Figure 5.

Combined Mutations in PEN3 and EDS1or Introduction of the NahG Transgene Compromise Nonhost Resistance to B. g. hordei and E. pisi.

(A) Mean of the frequency of B. g. hordei penetration on Arabidopsis, expressed as a percentage of total germinated spores. Wassilewskija (Ws) is the wild-type control for eds1-1; Ler sgt1b-1 rar1-10 is the control for double mutants with sgt1b-1 and rar1-10; and Col-0 is the wild-type control for npr1-1, sid2-1, pad4-1, jar1-1, and NahG. Eight leaves per genotype were stained with aniline blue at 2 DAI, and the occurrence of callose-encased haustoria was monitored as a measure of penetration efficiency. ^a Significantly different from the wild type; ^b significantly different from pen3 using Student's t test (P < 0.001).

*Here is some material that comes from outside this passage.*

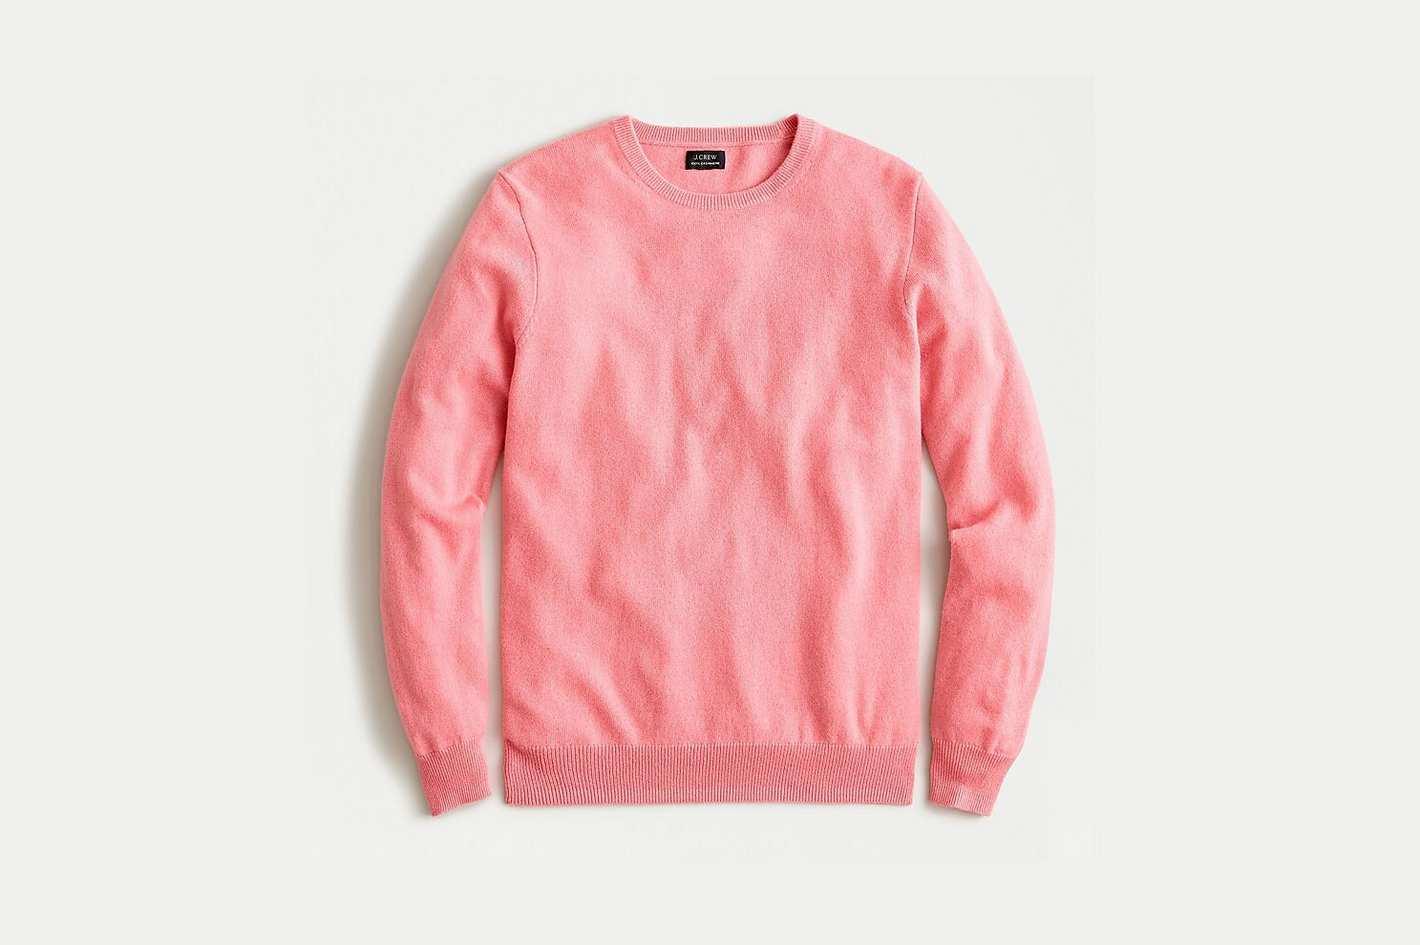 J. Crew Everyday Cashmere Crewneck Sweater

(B) Average hyphal length of B. g. hordei colonies growing on different mutants. Leaves were stained with trypan blue at 10 DAI, and hyphal lengths per colony were measured from photographs using ImageJ software. A minimum of 10 colonies were measured for hyphal length. This experiment was repeated twice. * Significantly different from the corresponding value for pen3 using Student's t test (P < 0.001).

(C) Examples of B. g. hordei colonies growing on different lines. Infected leaves were stained with trypan blue at 10 DAI. Bars = 30 μm.

(D) E. pisi growth on Col-0 leaves and the indicated mutant genotypes at 7 DAI. Light microscopic images were taken after visualization of fungal structures using Coomassie Brilliant Blue. Bars = 200 μm. The inset shows a close-up view of E. pisi conidiophores on the pen3-1 eds1-1double mutant. Bar = 50 μm.

(E) Cryogenic scanning electron micrograph of E. pisi growth on pen3-1 eds1-1 at 7 DAI. The inset shows an E. pisi conidiophore. Bars = 50 μm.